A backup environment is currently located at:

/gpfs/photonics/swissfel/res/cristallina-staff/p19739/backup/cristallina2

if all else fails.

Updating environments

The cleanest way to install and update environments is via their .yml specification. After editing the specification run for example:

mamba env update --file cristallina_diagnostics.yml --prune

to bring the environment to the most up-to-date state according to .yml file.

This has the advantage that we can always reproduce this environment. If manually installed packages become uninstalled their dependencies remain. Additionally we lose track of these manual installations.

Getting git

The git installed on the cristallina consoles is from 2015, so we can use conda to provide us with an up-to-date version.
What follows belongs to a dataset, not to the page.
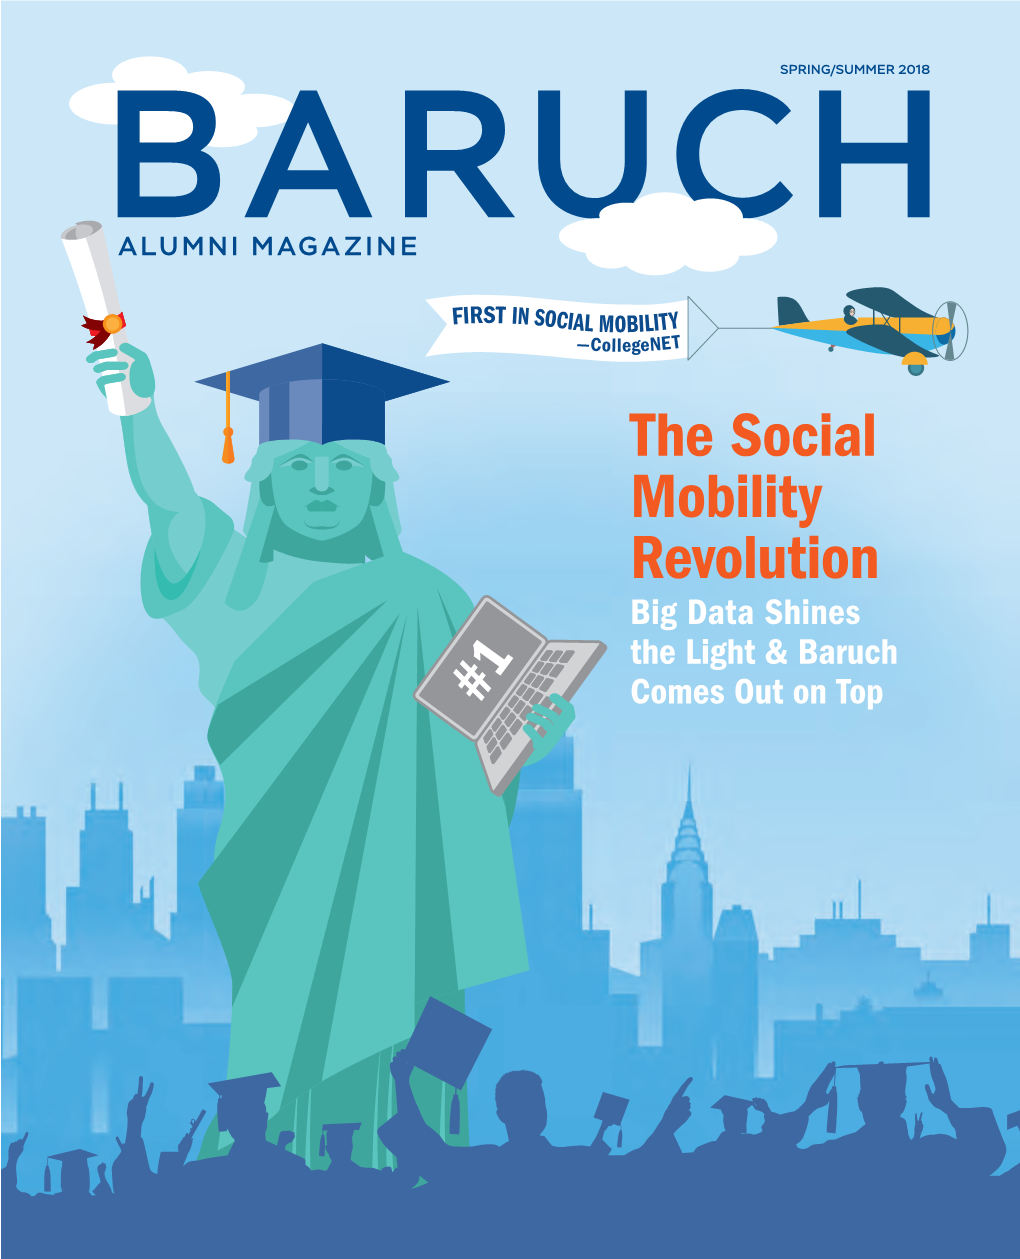 The Social Mobility Revolution Big Data Shines the Light & Baruch Comes out on Top

E.g. with miniconda activated simply install using conda install git.

sf_datafiles directly from github

sf_data is installed directly from github (using python ensures that the activated environment site-packages is used):

python -m pip install git+https://github.com/paulscherrerinstitute/sf_datafiles@master

Git repository settings

To allow shared access to a git repository folder:

git config --get core.sharedRepository

Remote access (how can users get to RA)

Through hop.psi.ch (nicer way)

Connect to PSI network for data access ssh -L user_name@hop.psi.ch user_name@ra.psi.ch -L5000:jupytera.psi.ch:443

after that, just open the browser and type: https://localhost:5000/hub/login

Through NoMachine

see https://gitlab.psi.ch/maloja/docs/-/wikis/python/Getting-started

Setting up the cluster:

This is a short summary of the steps to be followed to access the experimental data and the compute resources available for Cristallina users.

Set up the enviroments paths

Once on ra (ssh user_name@ra.psi.ch as described above), create a symbolic link to the bash file: ln -s /sf/cristallina/bin/setting_up_ra.sh ~

and run it sh setting_up_ra.sh

This should set up the working python enviroments. For the analysis, please use the 'analysis' enviroment, which is set as a default one.

Running own jupyter instance

Once on ra, copy the bash file: cp /sf/cristallina/bin/jupyter_on_ra.sh ~ and run it.